= TO DO =
Below are the records; give again exactly the lines from the one containing "Draft INTOSAI Charter Onthe Independence Of" through the one containing "Couple walking out", leaving out pictures.

= EXERCISE MATERIALS =
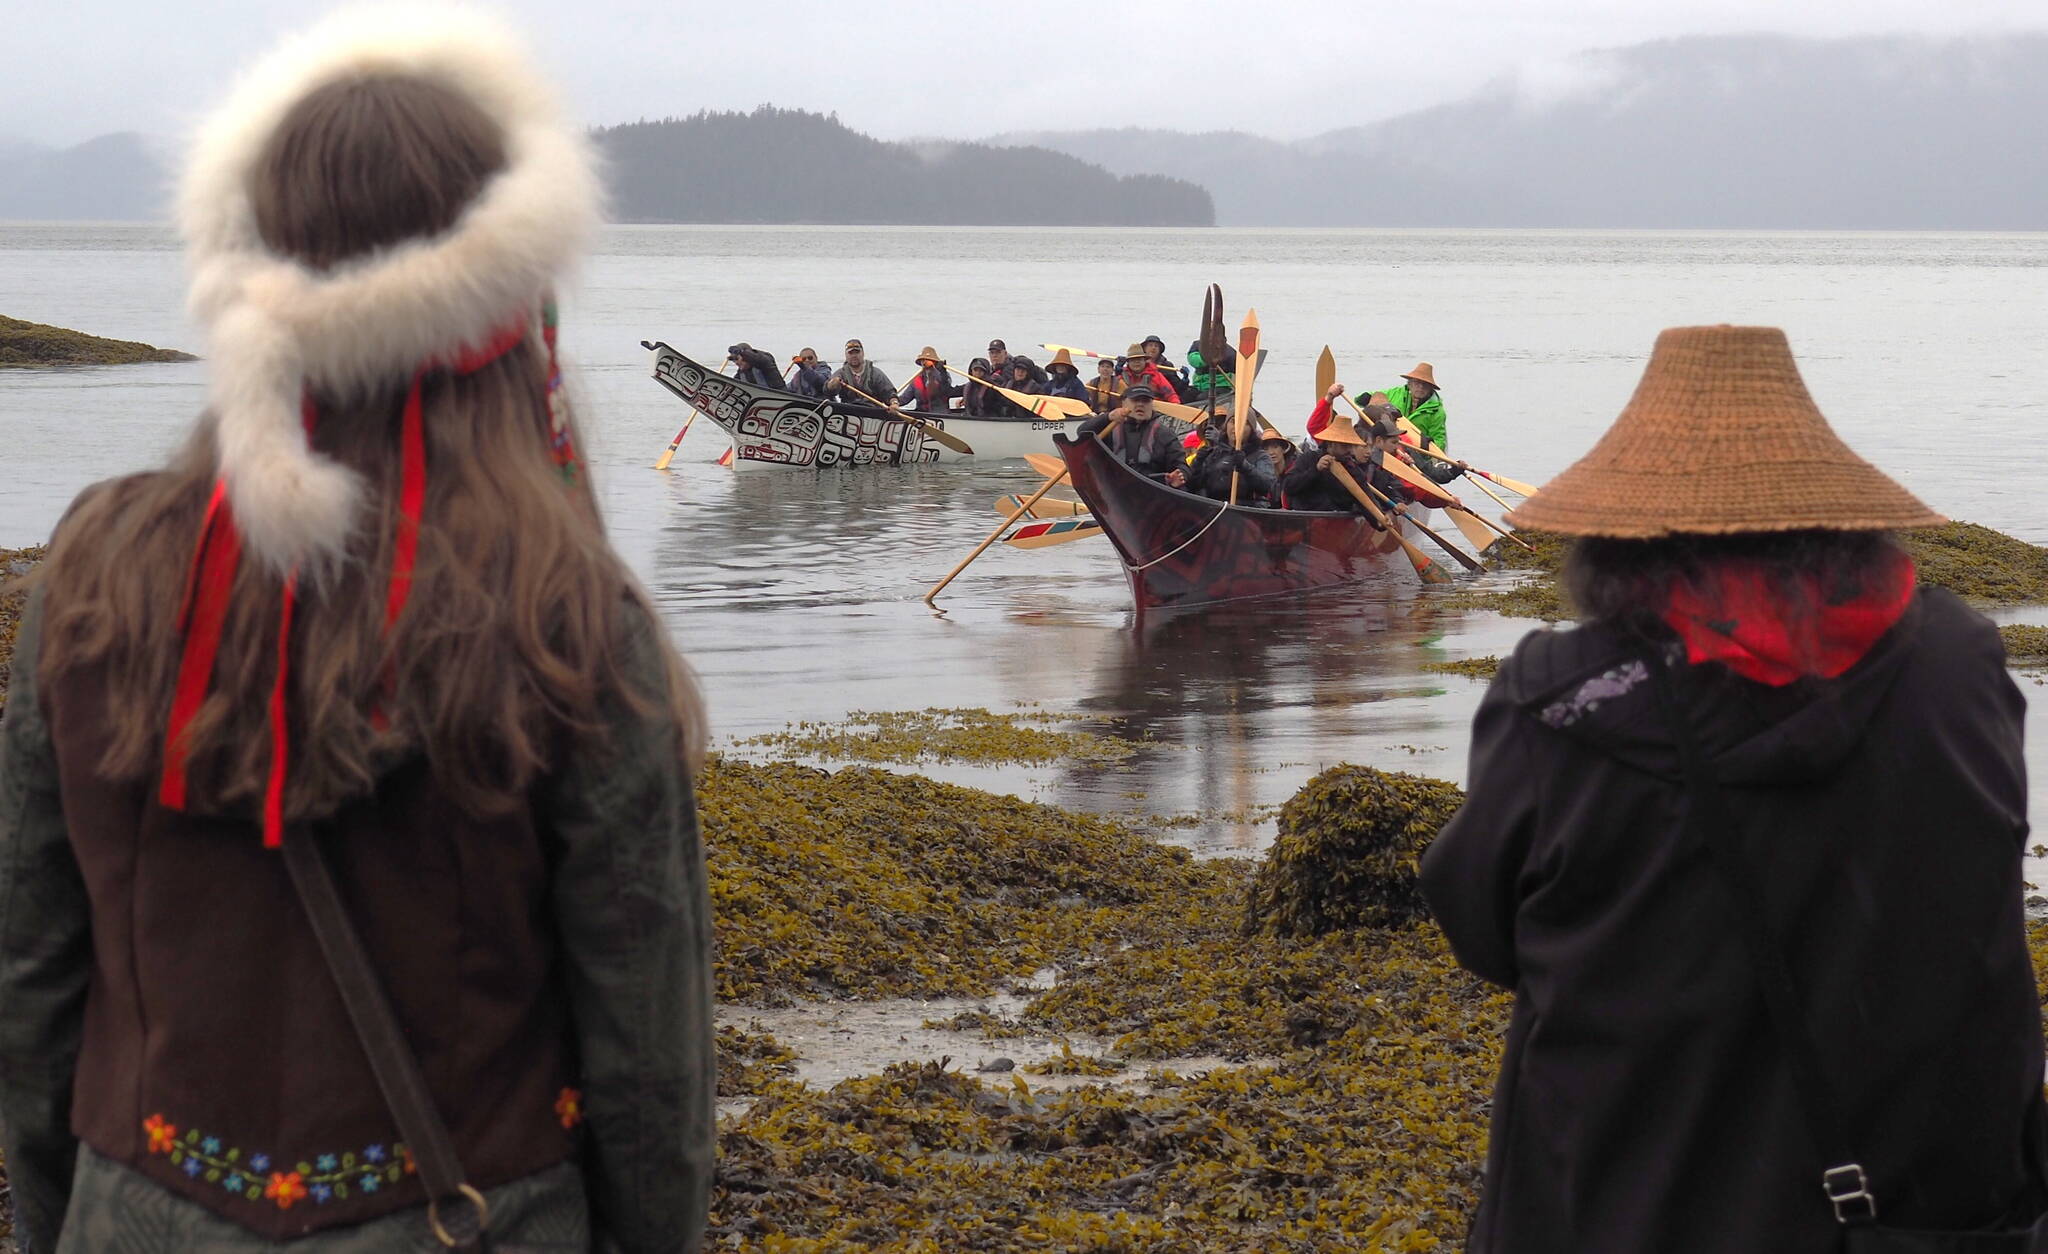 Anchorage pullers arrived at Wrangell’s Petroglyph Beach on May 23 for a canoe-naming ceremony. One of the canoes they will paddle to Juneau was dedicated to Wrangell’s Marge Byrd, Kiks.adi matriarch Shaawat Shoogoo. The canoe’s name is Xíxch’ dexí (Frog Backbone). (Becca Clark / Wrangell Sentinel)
...
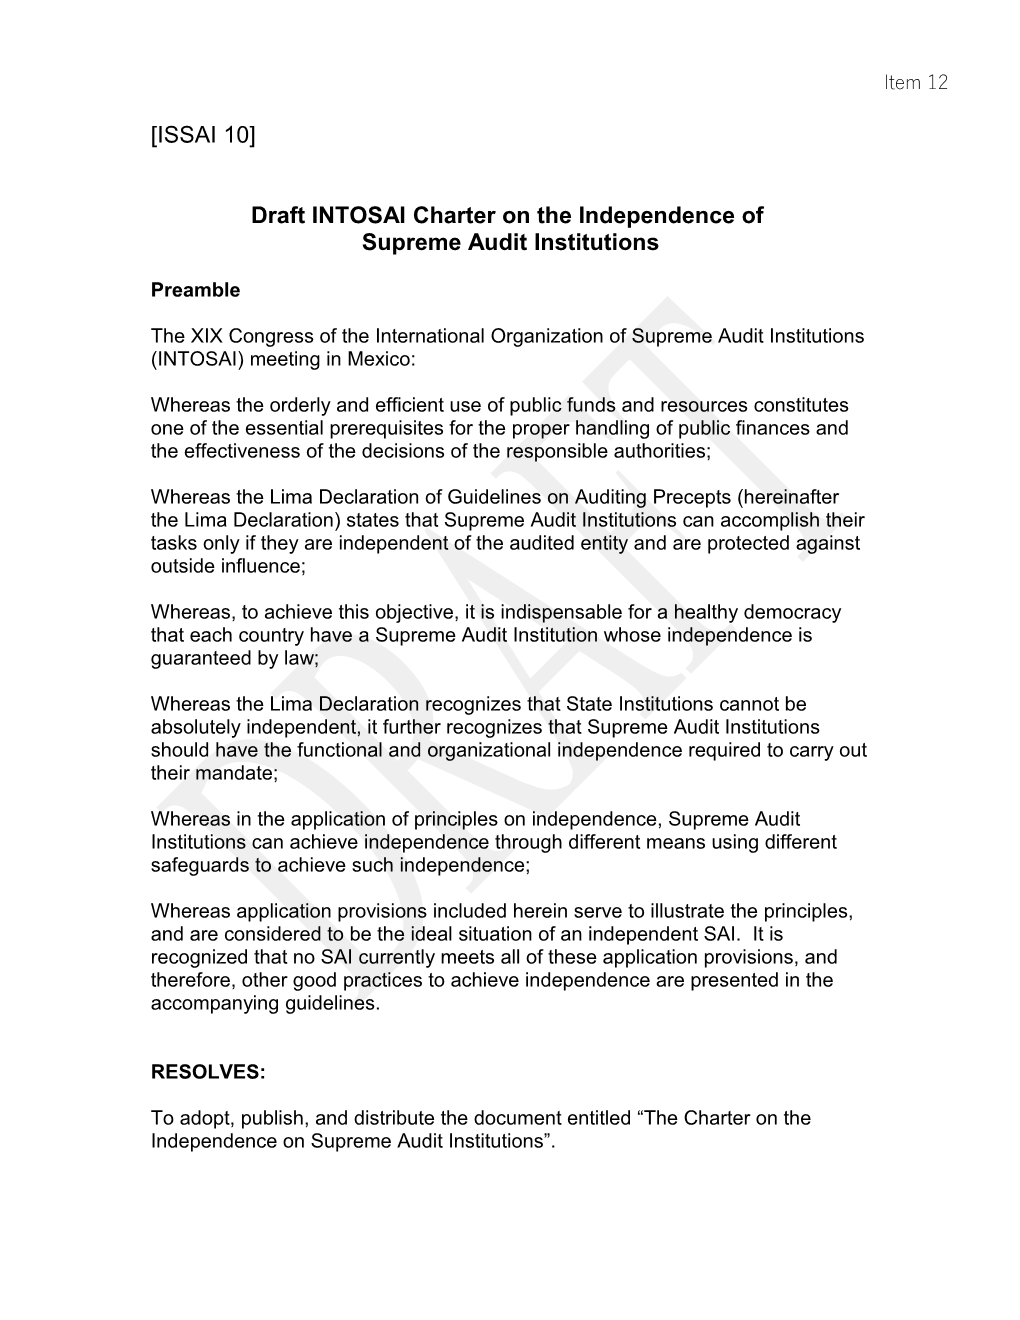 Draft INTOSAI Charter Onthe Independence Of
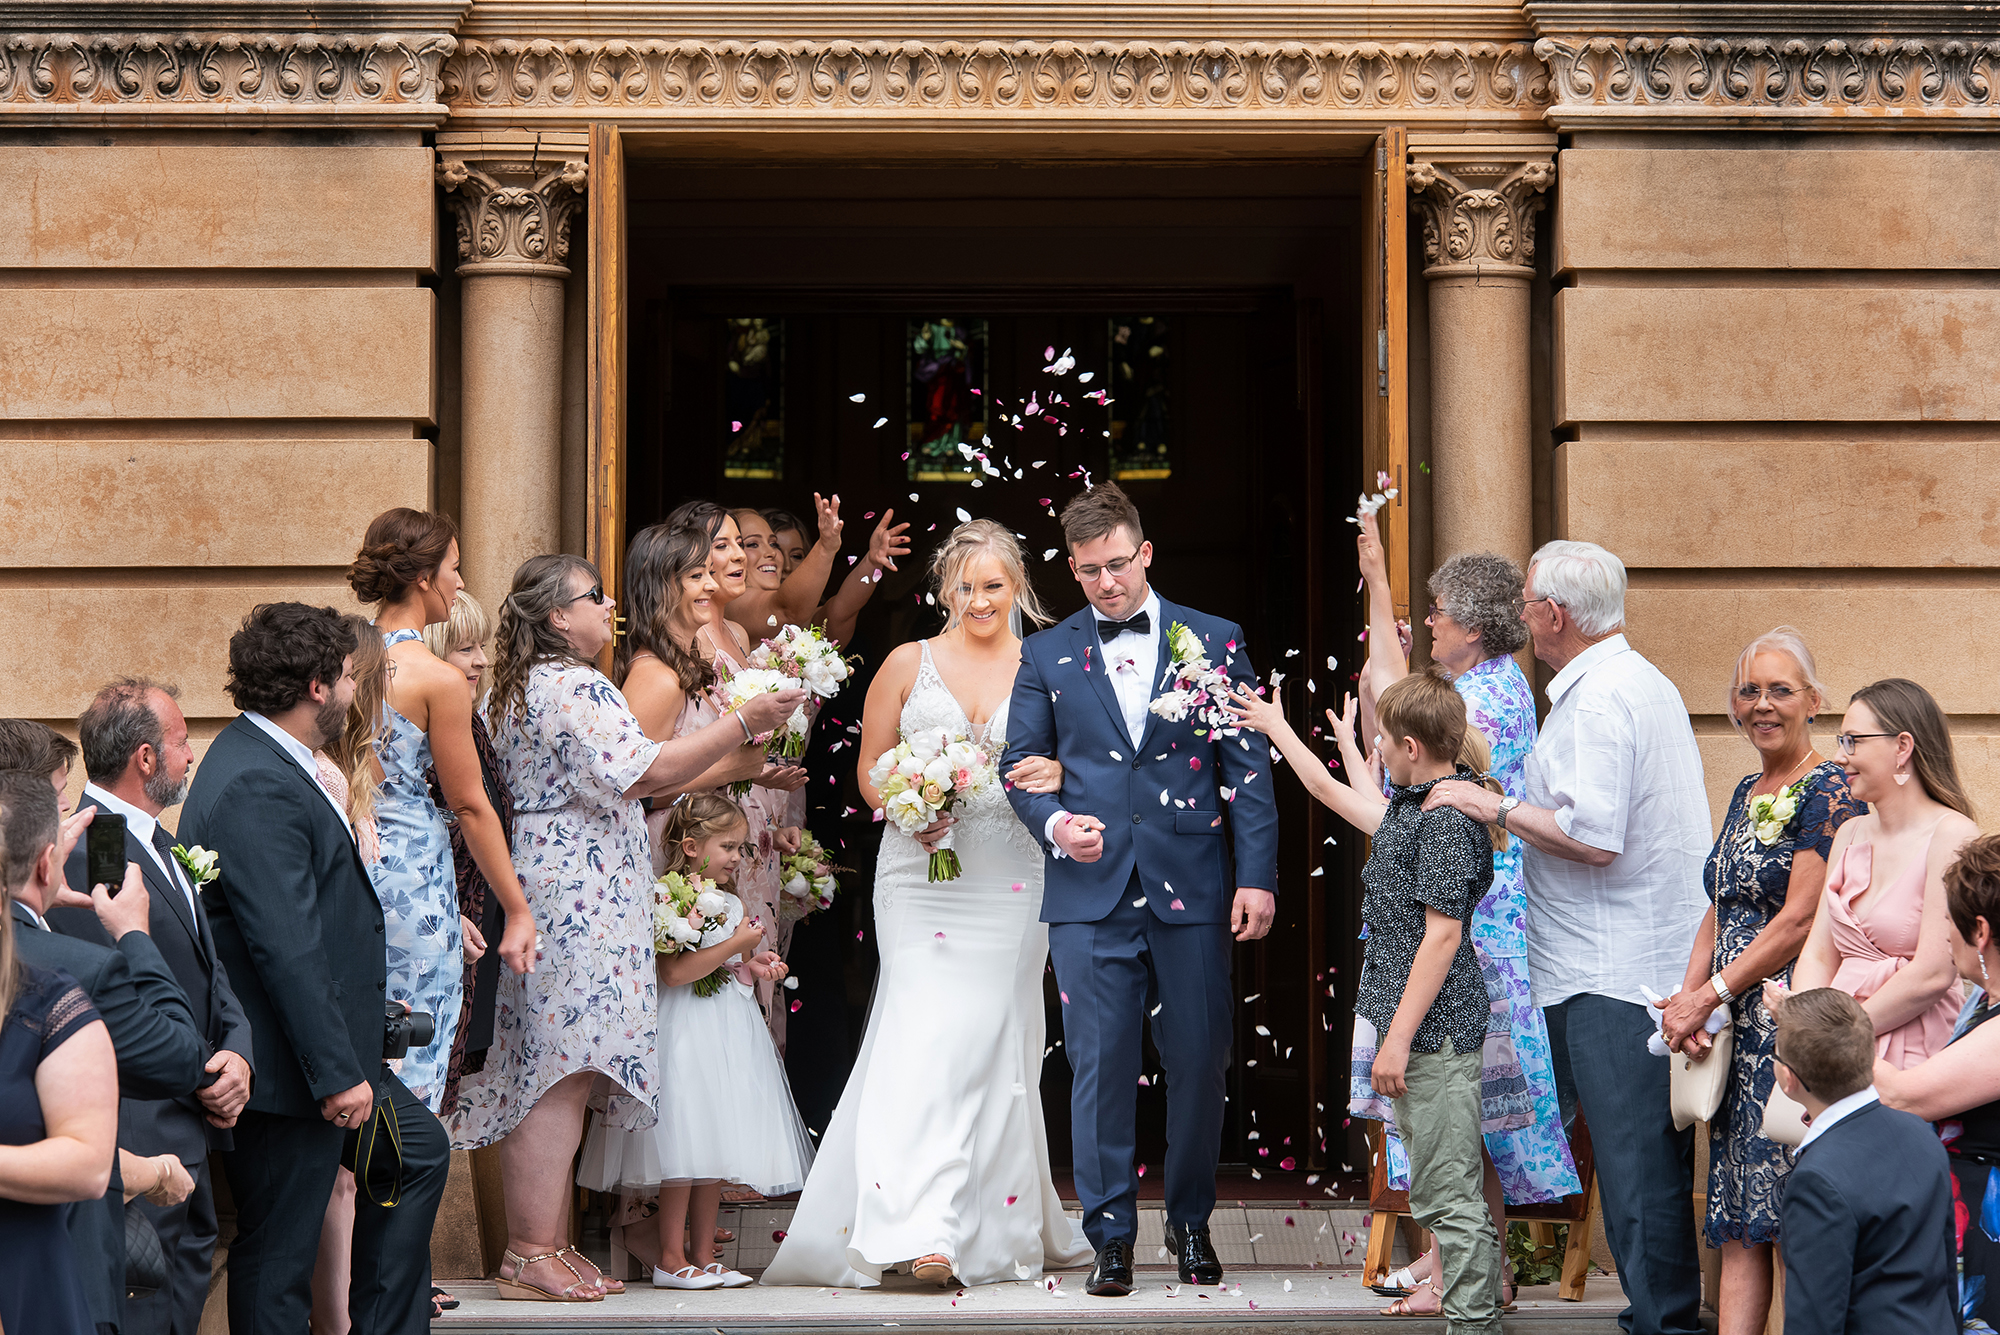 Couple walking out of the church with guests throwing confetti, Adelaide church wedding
==
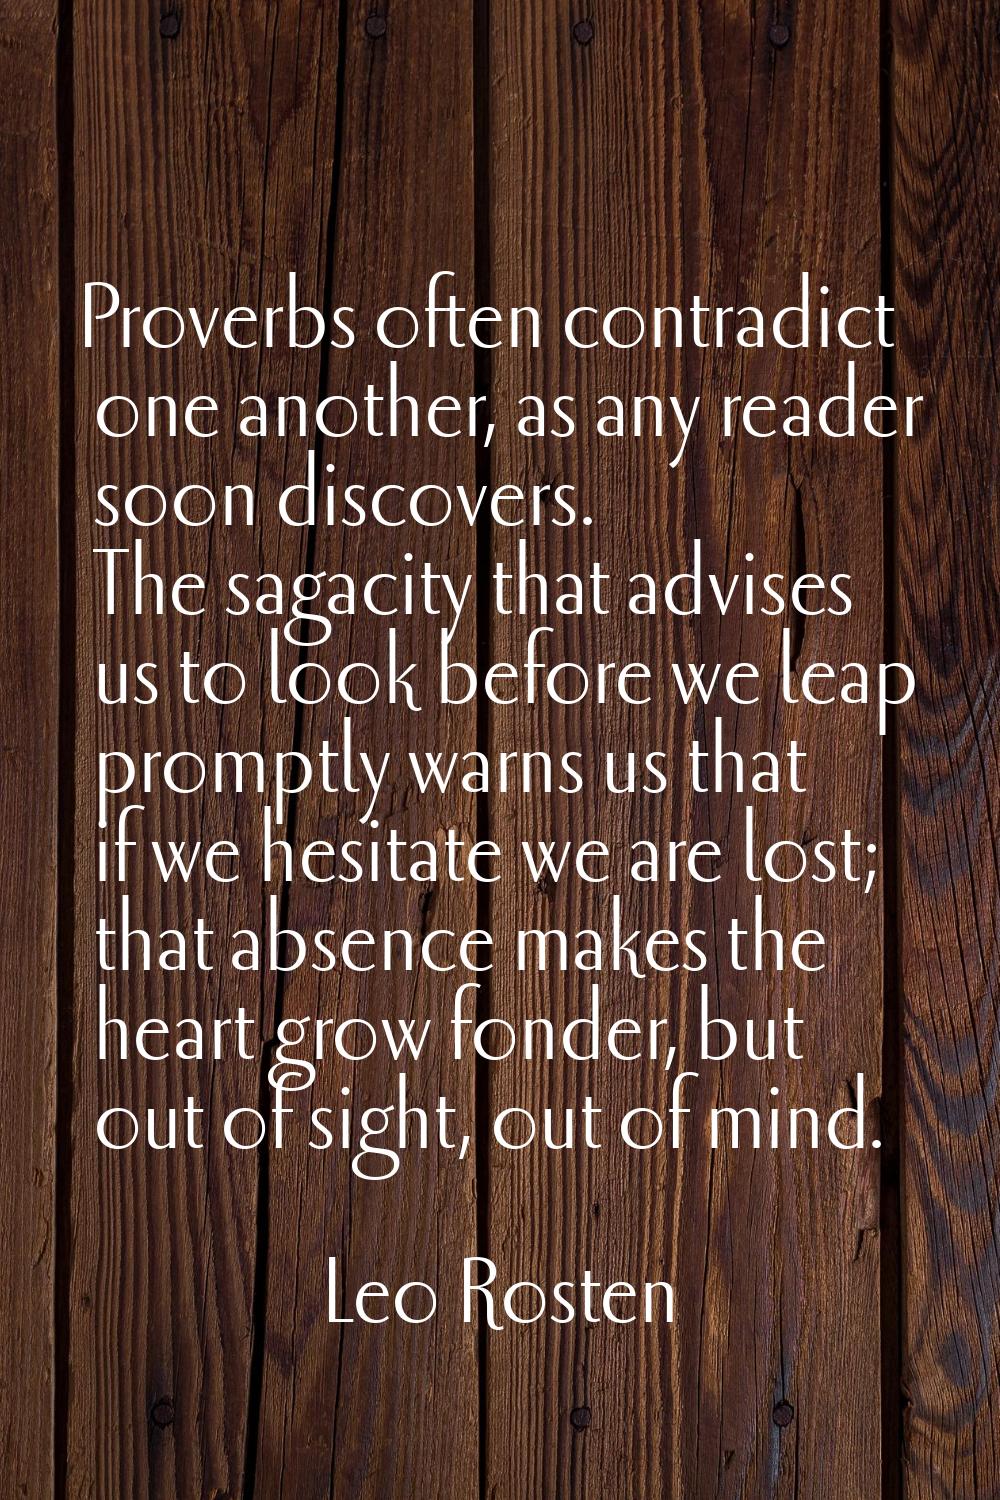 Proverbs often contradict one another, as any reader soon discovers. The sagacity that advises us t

= ANSWER BOX =
 Draft INTOSAI Charter Onthe Independence Of
 Couple walking out of the church with guests throwing confetti, Adelaide church wedding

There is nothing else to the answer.